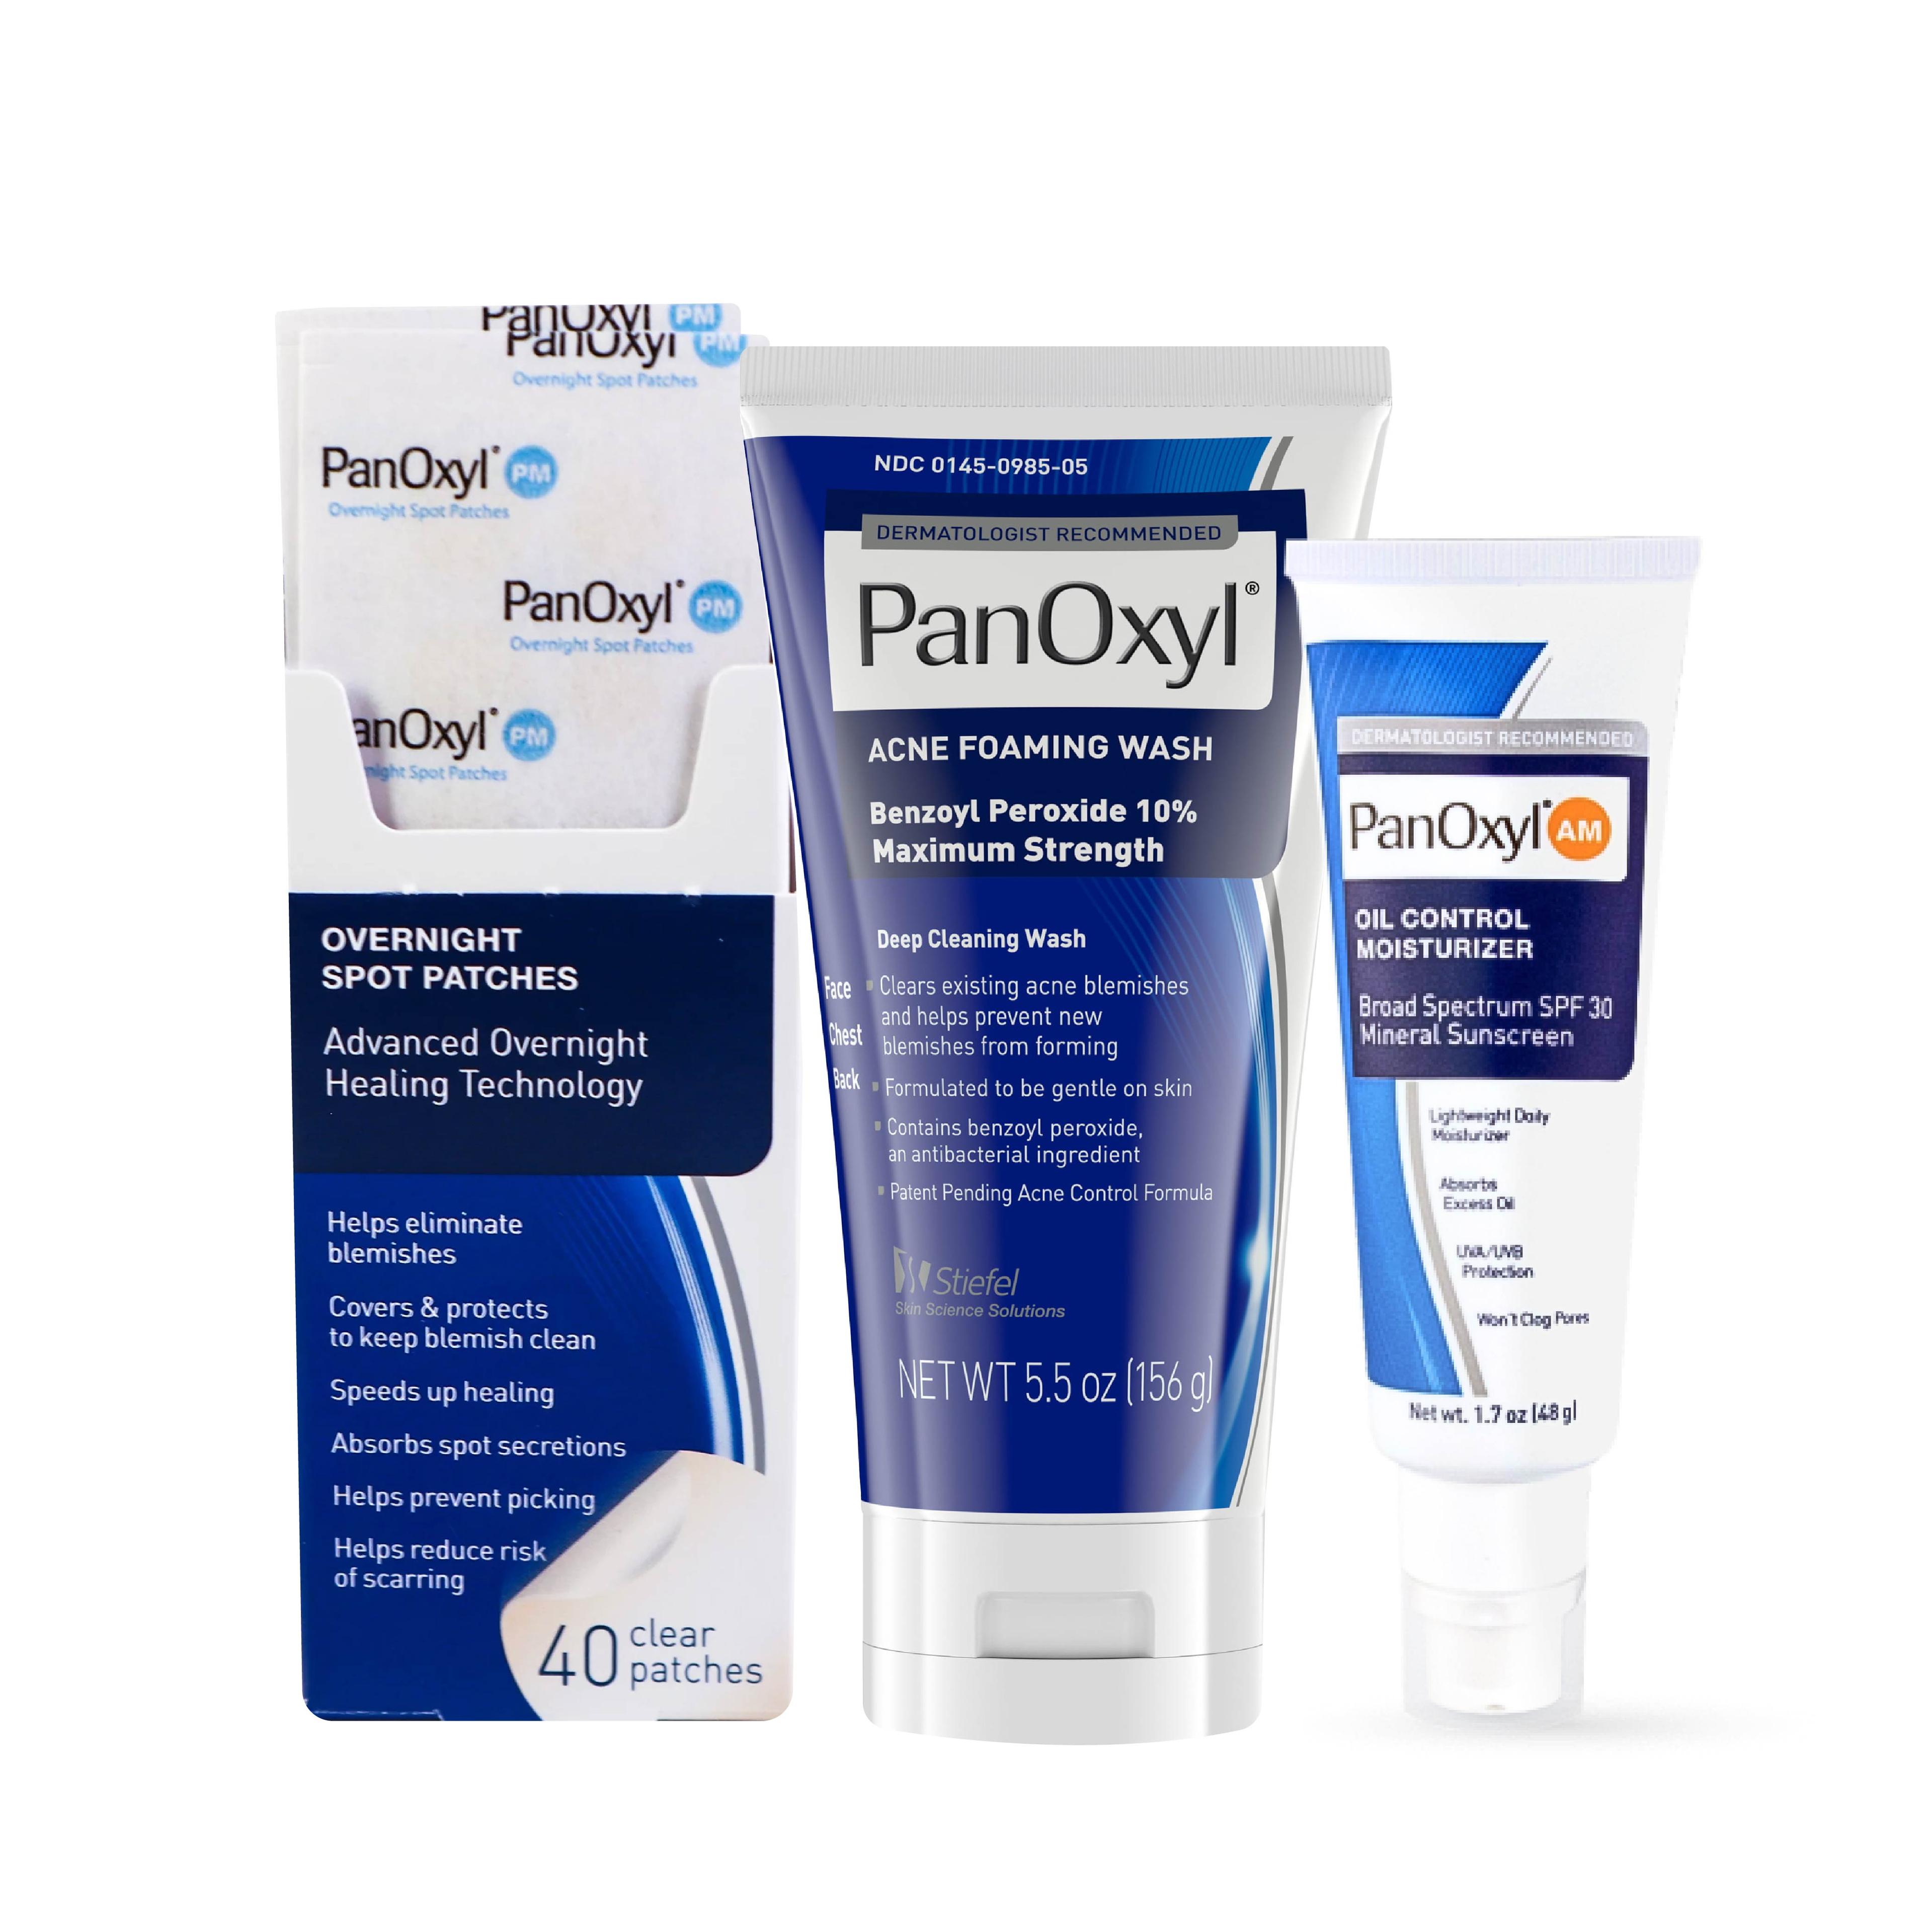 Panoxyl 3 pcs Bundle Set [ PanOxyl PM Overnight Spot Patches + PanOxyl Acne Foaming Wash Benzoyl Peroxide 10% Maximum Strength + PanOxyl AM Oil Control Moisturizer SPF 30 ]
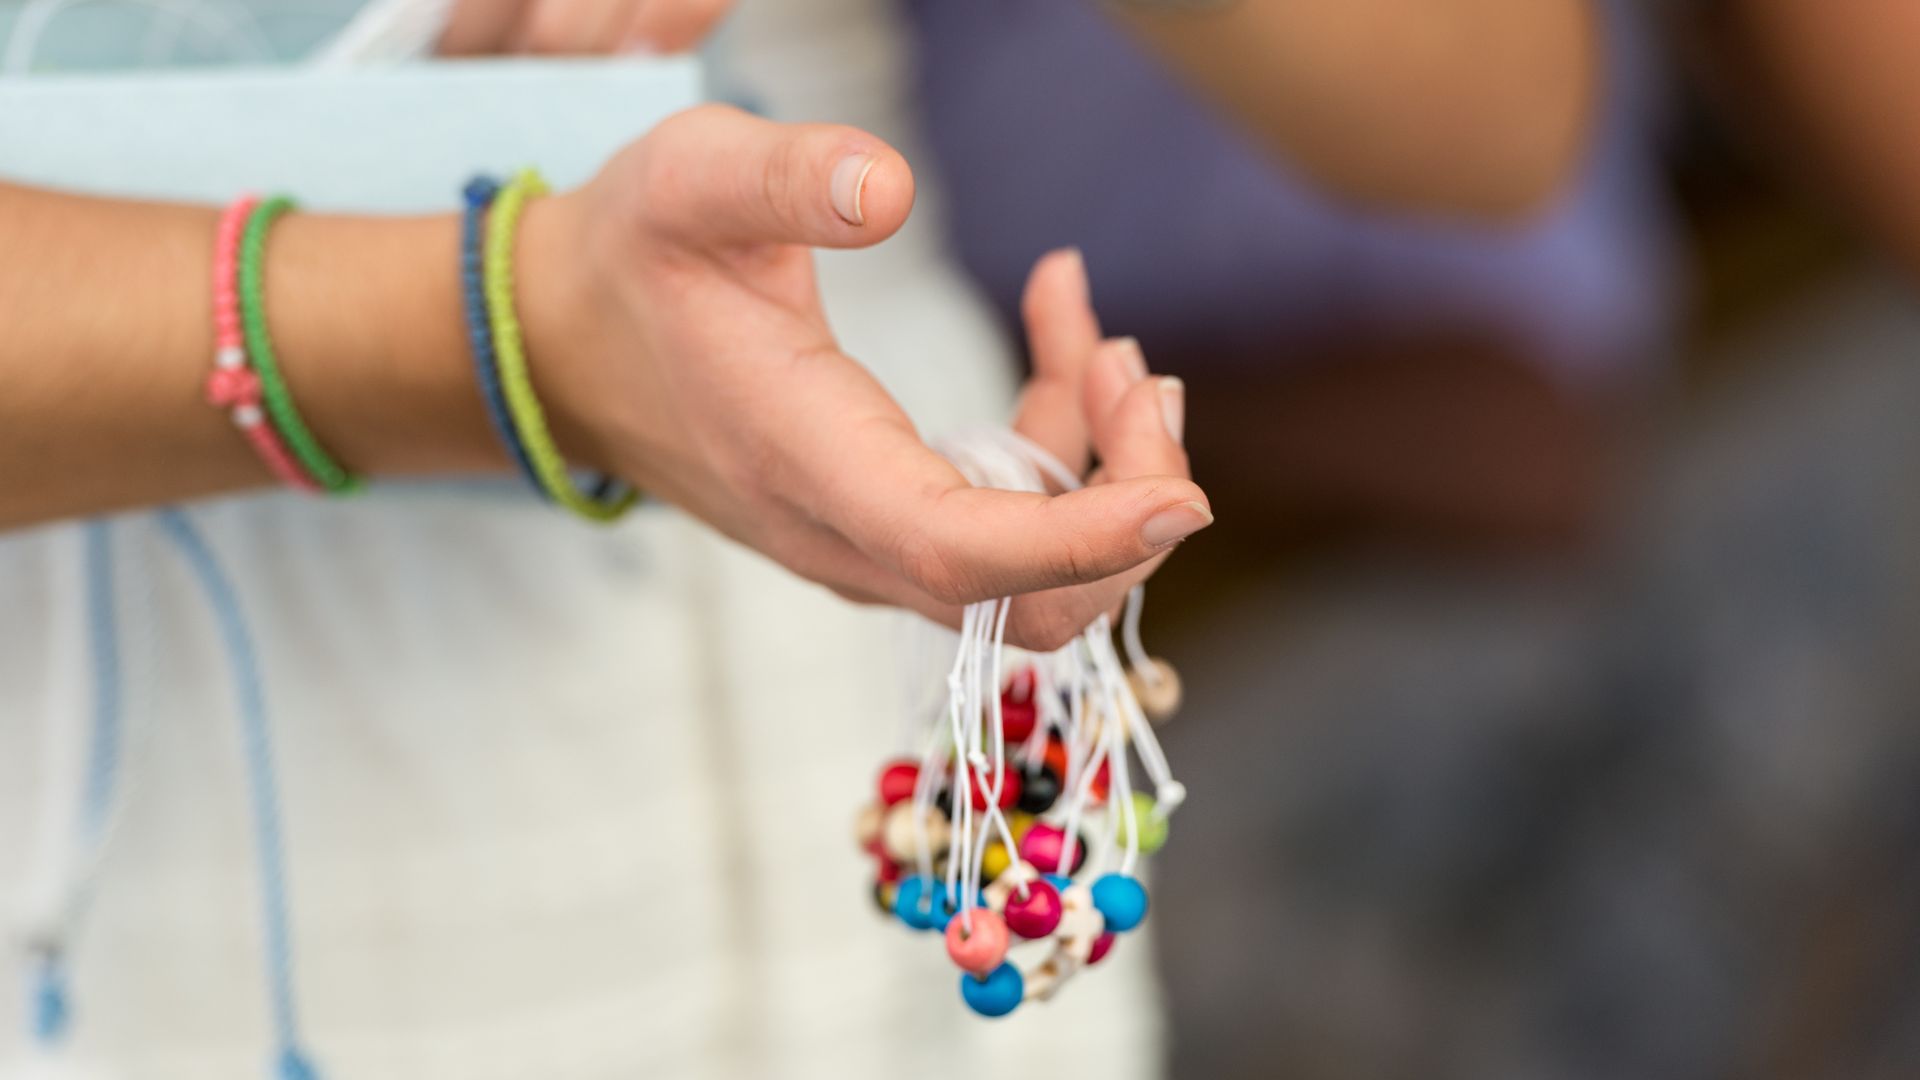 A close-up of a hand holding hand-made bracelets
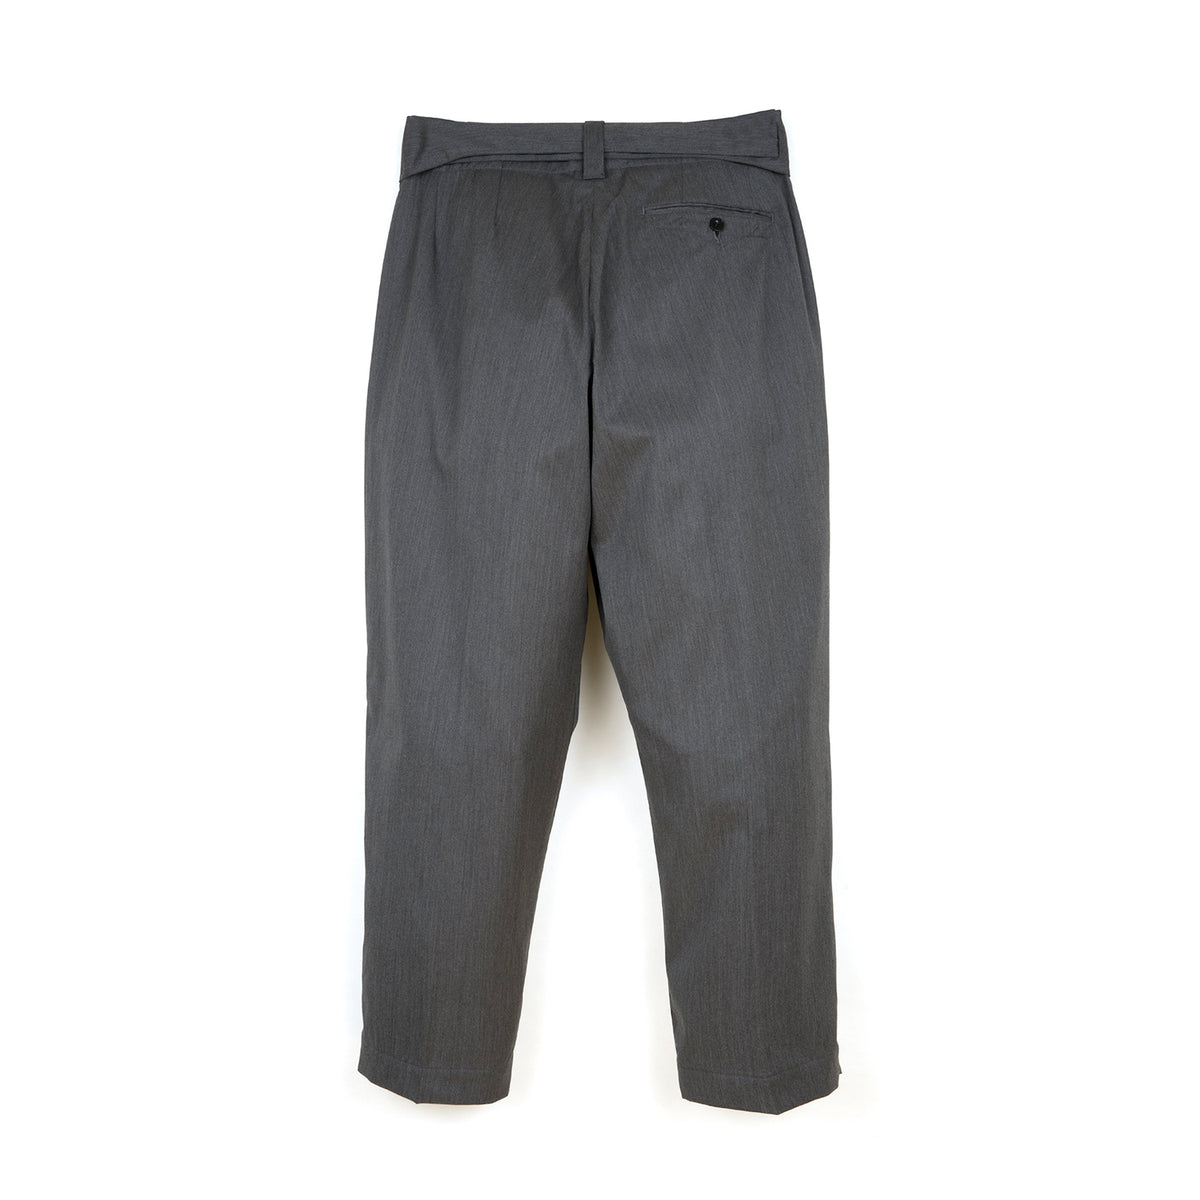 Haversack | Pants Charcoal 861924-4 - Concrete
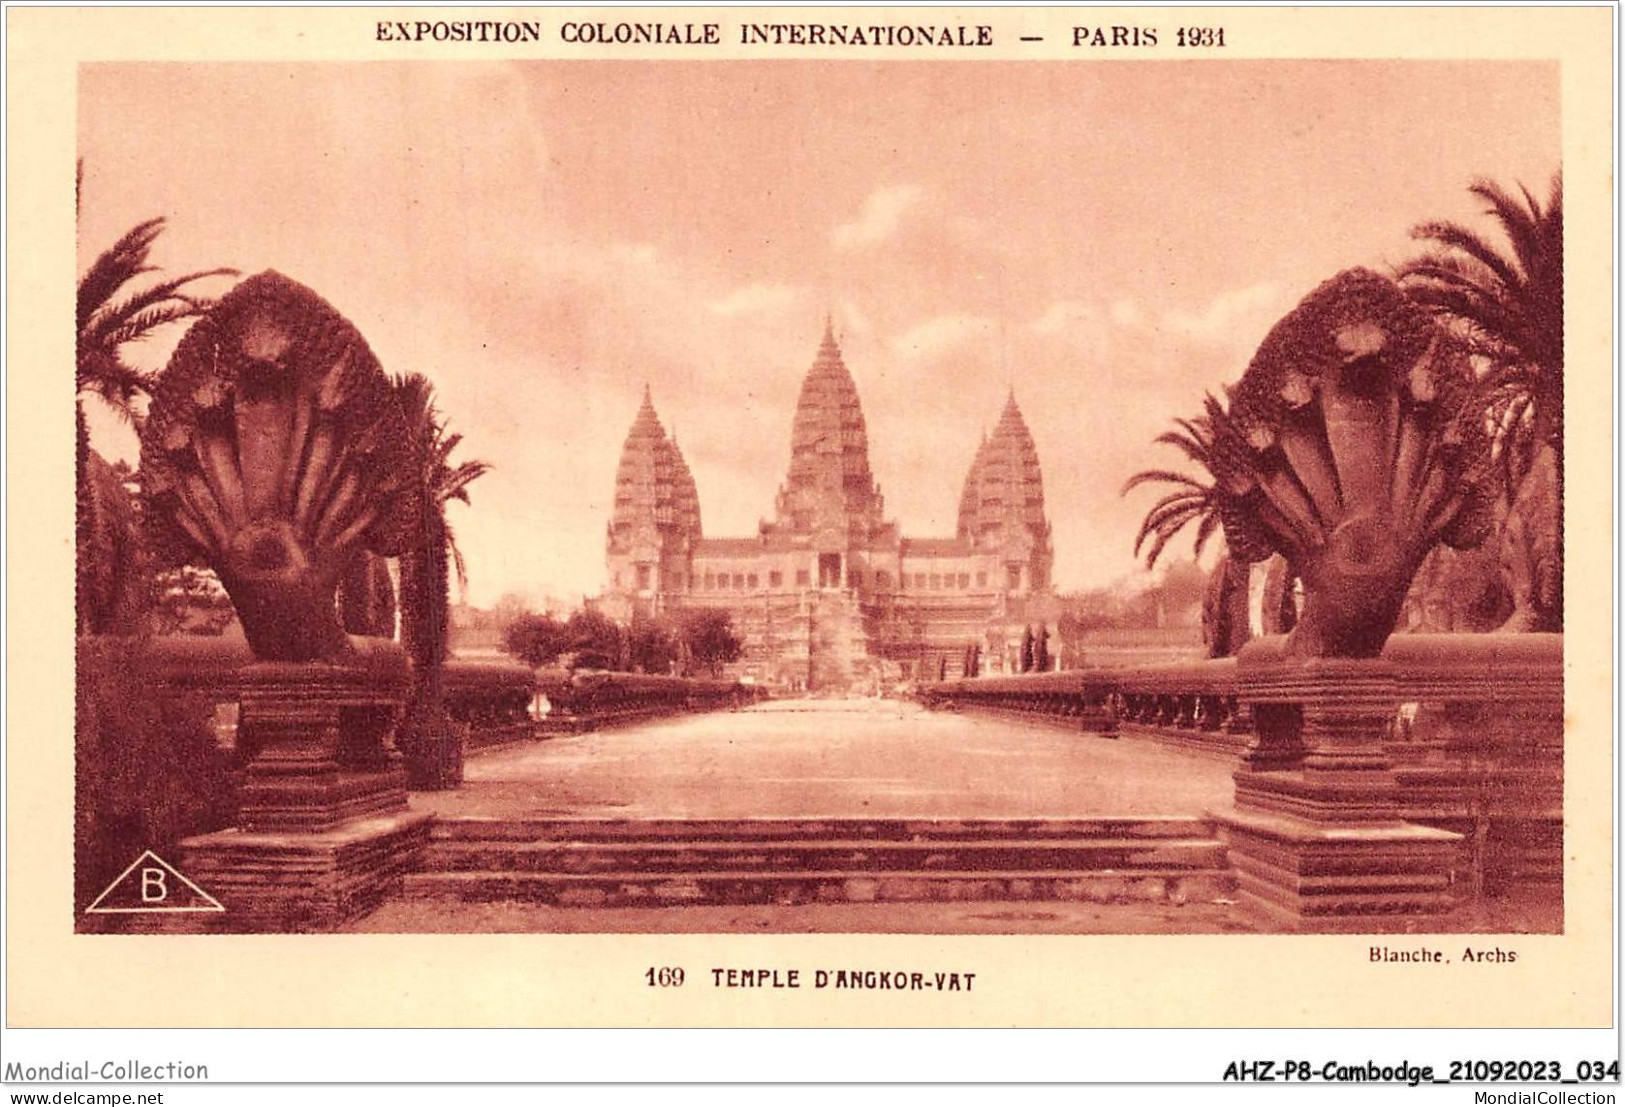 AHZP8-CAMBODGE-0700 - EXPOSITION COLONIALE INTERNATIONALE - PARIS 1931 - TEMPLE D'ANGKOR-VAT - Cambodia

> _Action item_: Down to the last line, print the material exactly, but not its pictures.

> _Answer section_:
 Panoxyl 3 pcs Bundle Set [ PanOxyl PM Overnight Spot Patches + PanOxyl Acne Foaming Wash Benzoyl Peroxide 10% Maximum Strength + PanOxyl AM Oil Control Moisturizer SPF 30 ]
 A close-up of a hand holding hand-made bracelets
 Haversack | Pants Charcoal 861924-4 - Concrete
 AHZP8-CAMBODGE-0700 - EXPOSITION COLONIALE INTERNATIONALE - PARIS 1931 - TEMPLE D'ANGKOR-VAT - Cambodia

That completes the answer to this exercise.